◆ **EXERCISE GOAL**
Exact copy, pictures omitted: the line holding "Wallpaper Cars Cartoon, Cars" and every line after it down to the end of the entries.

◆ **DATA PROVIDED**
§

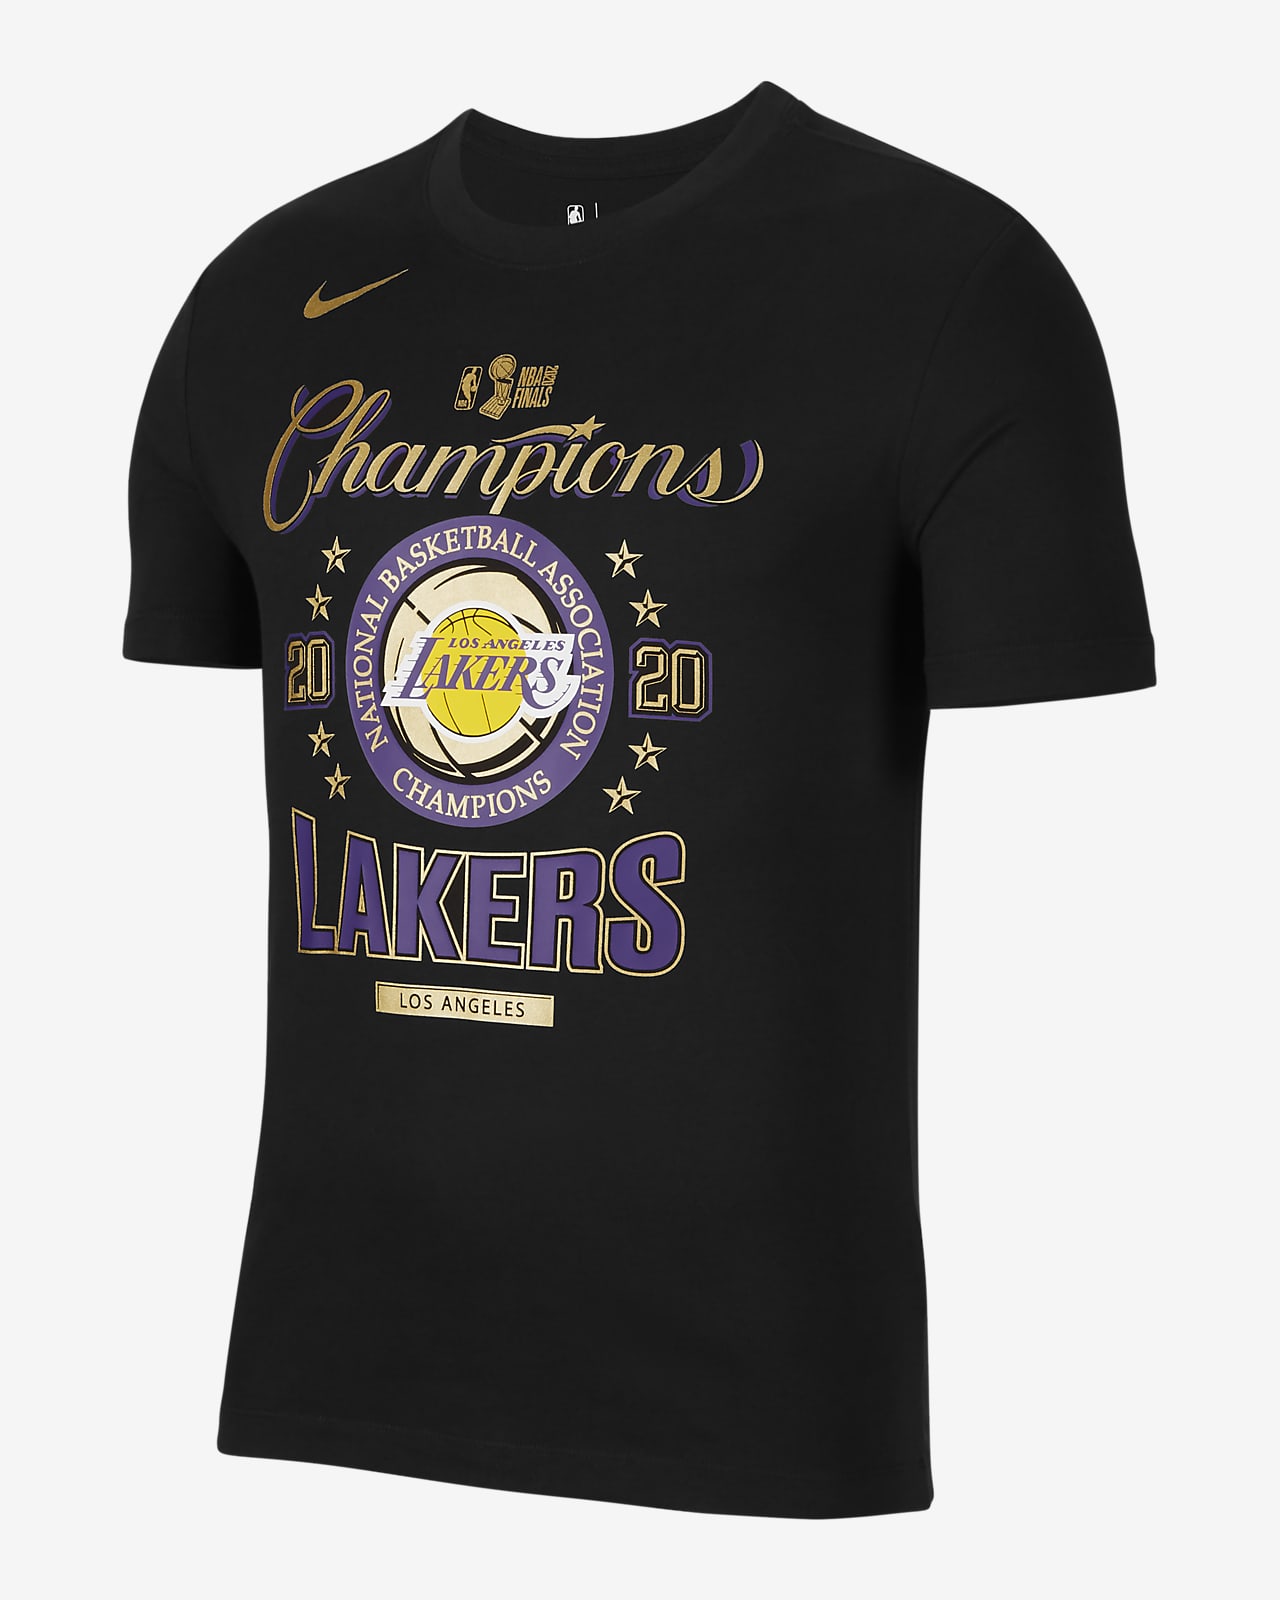 洛杉矶湖人队 Champions Nike NBA 男子T恤
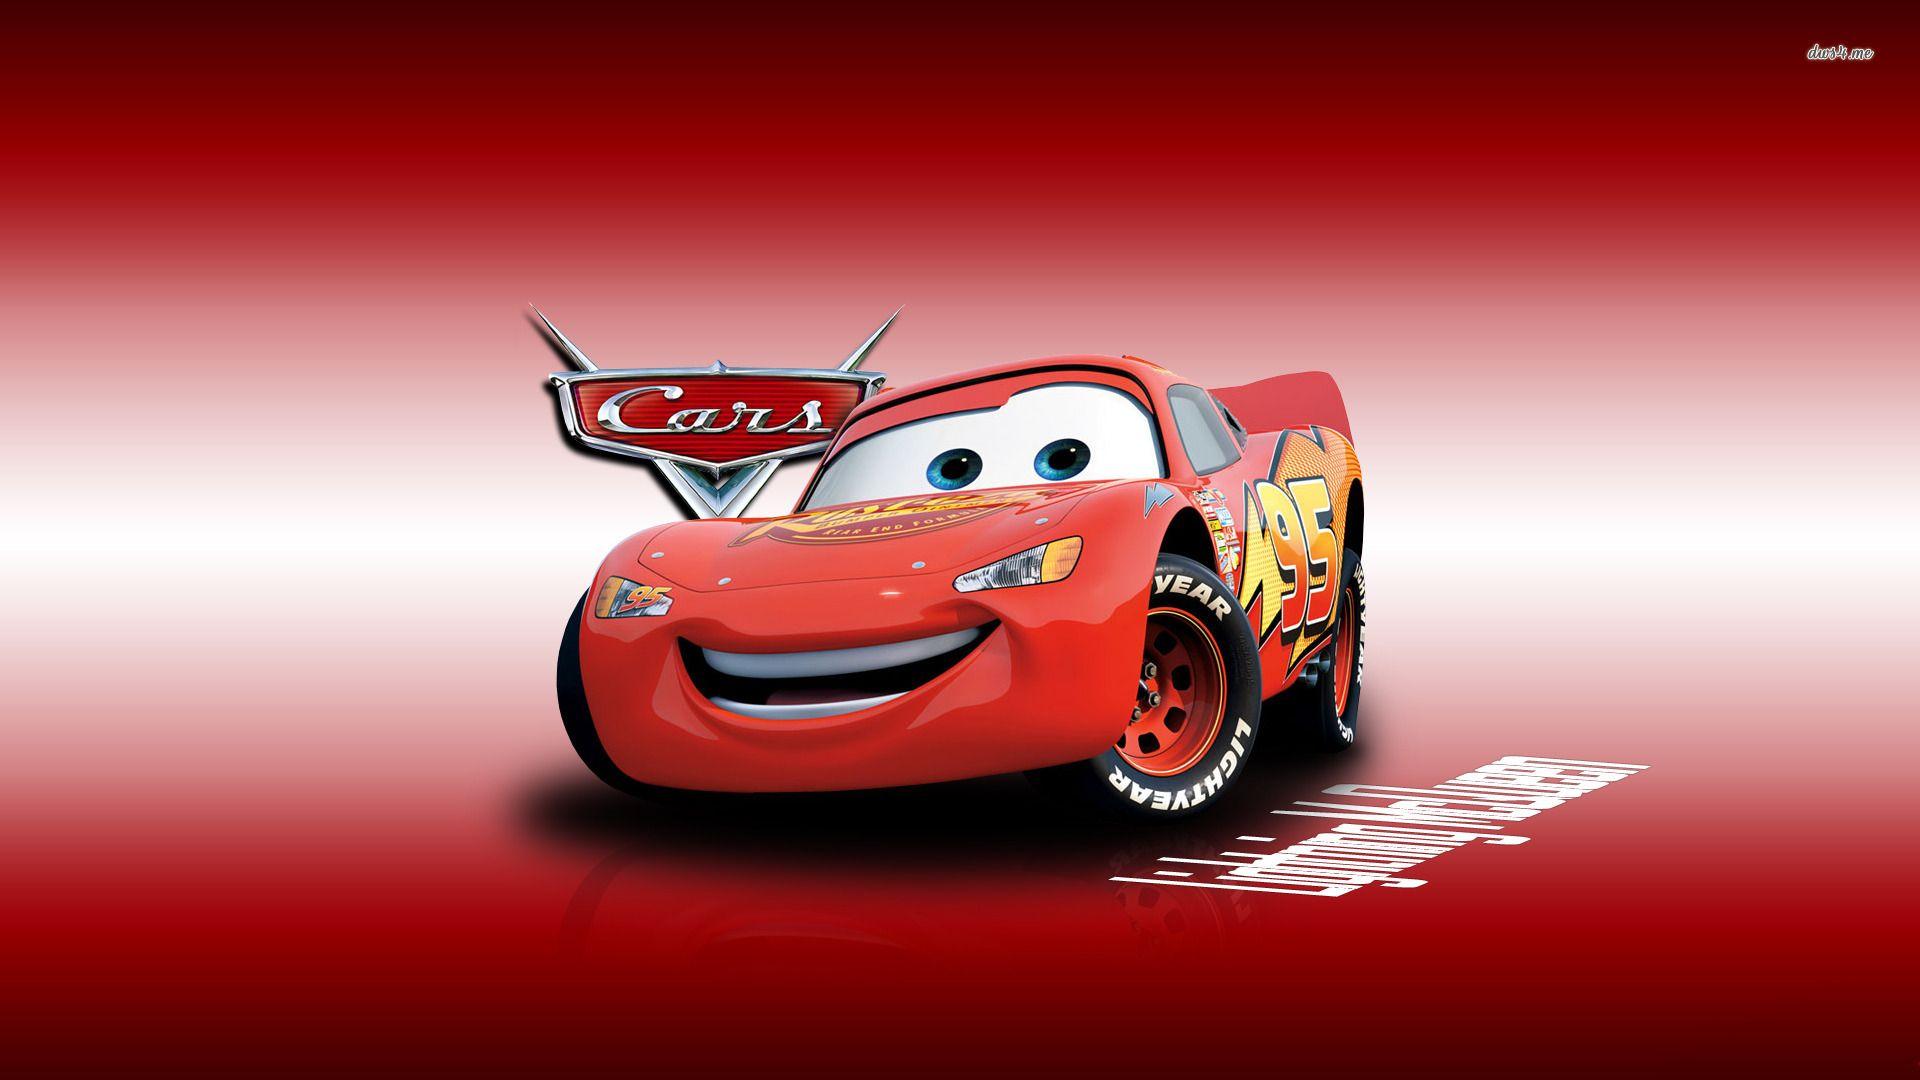 Wallpaper Cars Cartoon, Cars Cartoon Full Full HD Quality
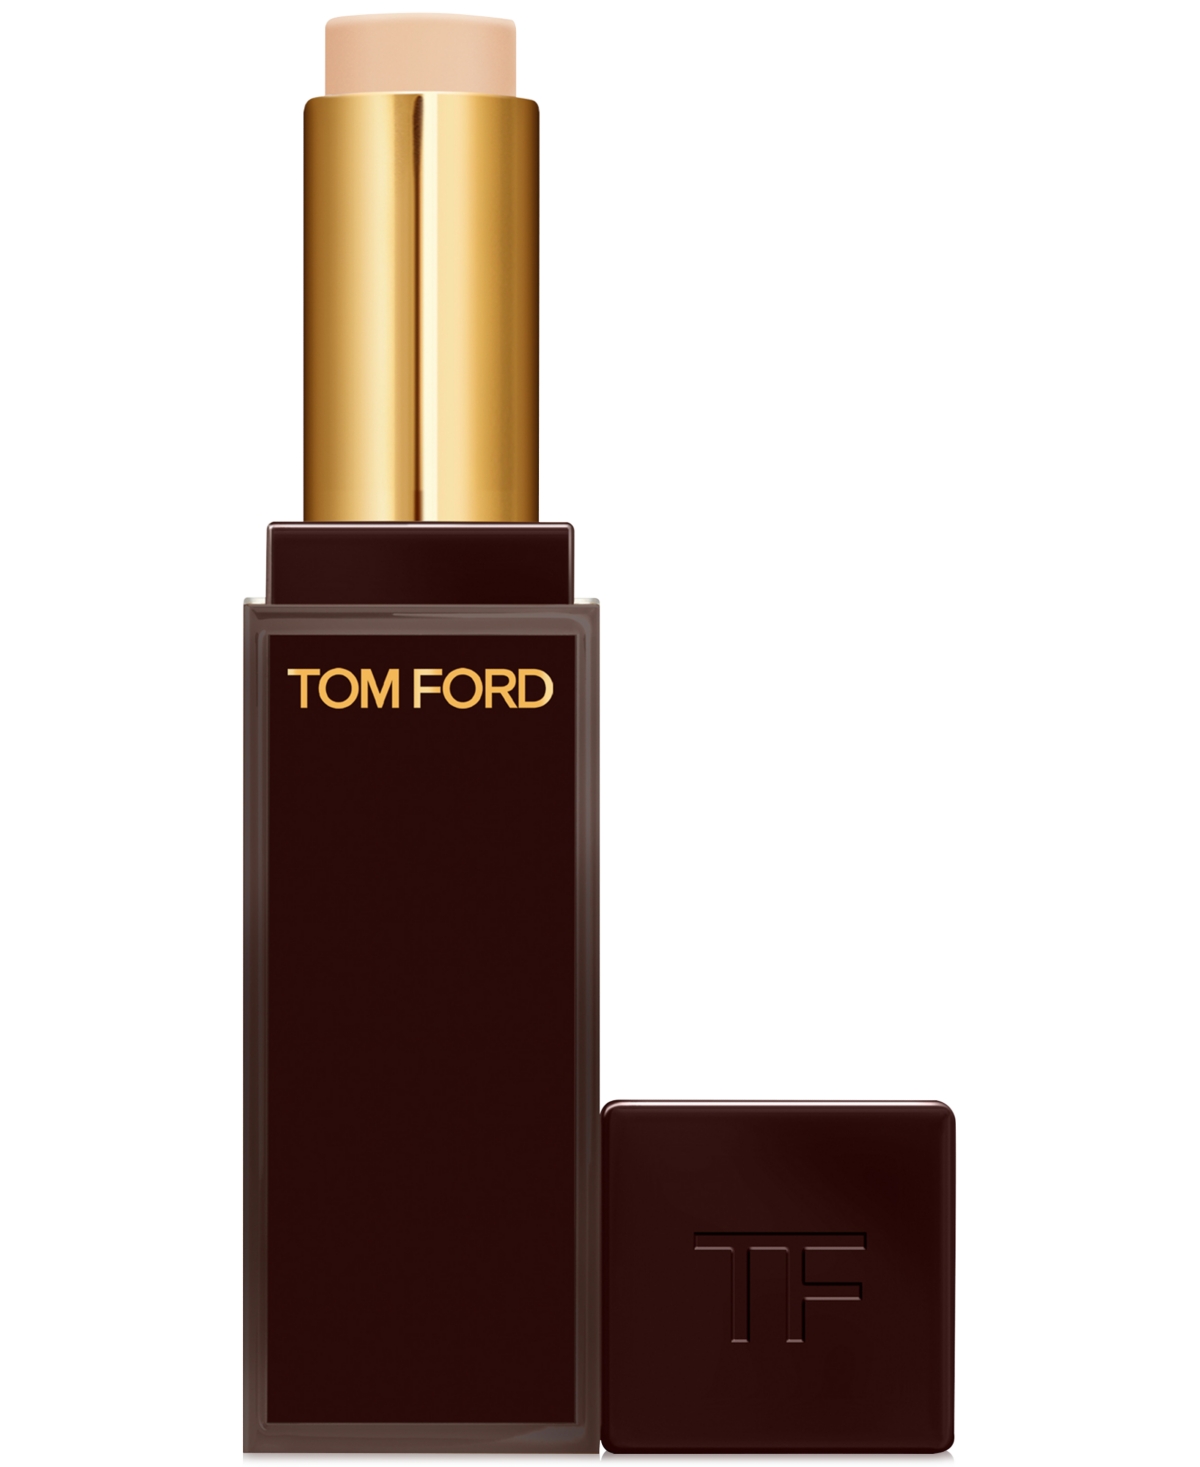 Tom Ford Traceless Soft Matte Concealer In C Bare (fair Skin With Subtle Pink Under
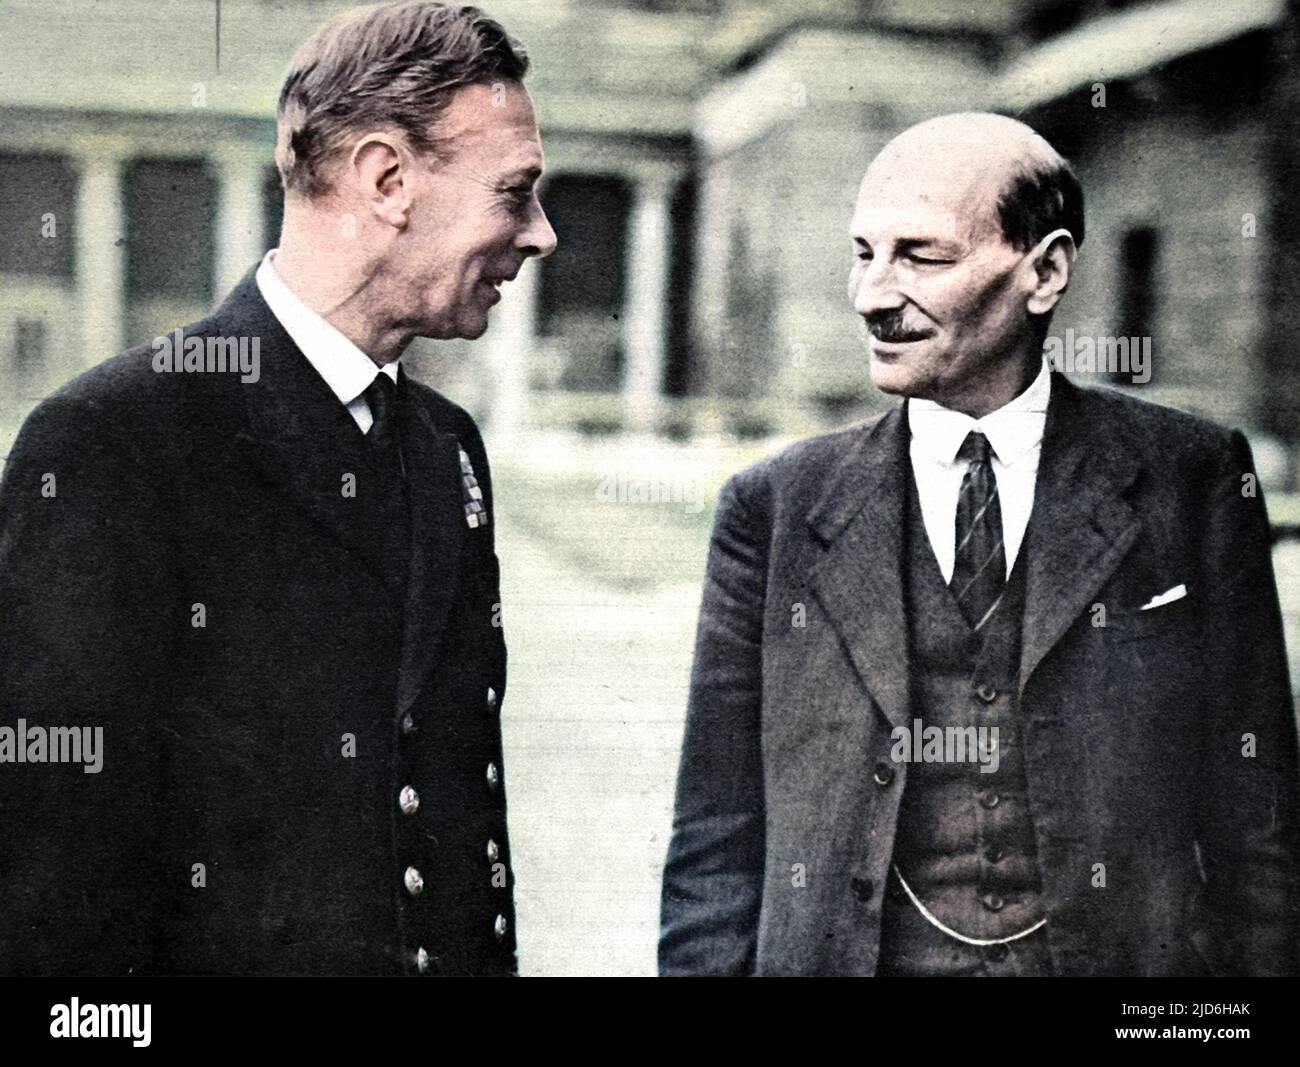 King George VI (1895 - 1952) und Clement Attlee, 1. Earl Attlee, (1883-1967) auf dem Gelände des Buckingham Palace, 1945. Attlee hatte gerade die Labour Party zum Sieg bei den Parlamentswahlen geführt und wurde damit Premierminister. Kolorierte Version von: 10218552 Datum: 1945 Stockfoto
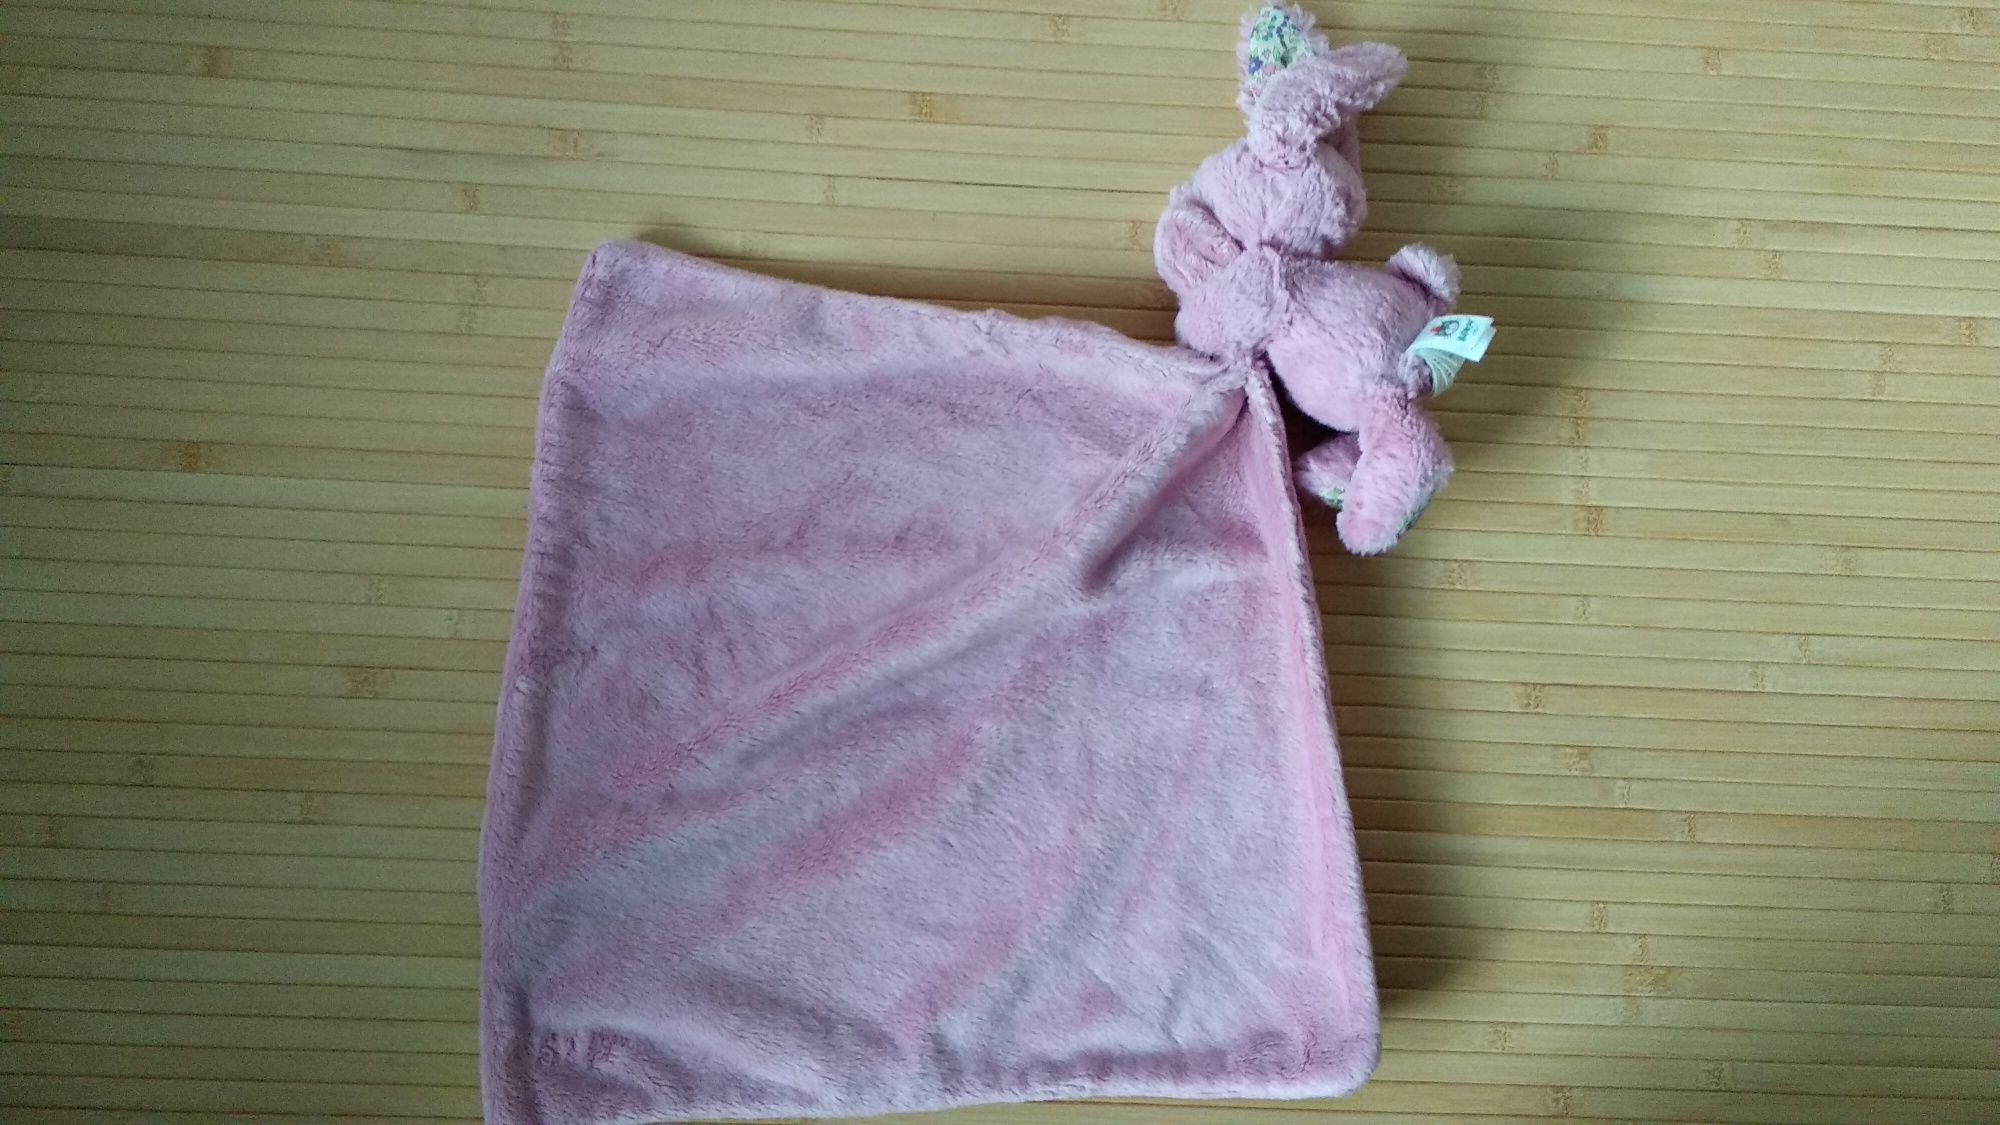 Комфортер Jellycat полотенце зайка

§

◆ **WRITTEN ANSWER**
 Wallpaper Cars Cartoon, Cars Cartoon Full Full HD Quality
 Tom Ford Traceless Soft Matte Concealer In C Bare (fair Skin With Subtle Pink Under
 King George VI (1895 - 1952) und Clement Attlee, 1. Earl Attlee, (1883-1967) auf dem Gelände des Buckingham Palace, 1945. Attlee hatte gerade die Labour Party zum Sieg bei den Parlamentswahlen geführt und wurde damit Premierminister. Kolorierte Version von: 10218552 Datum: 1945 Stockfoto
 Комфортер Jellycat полотенце зайка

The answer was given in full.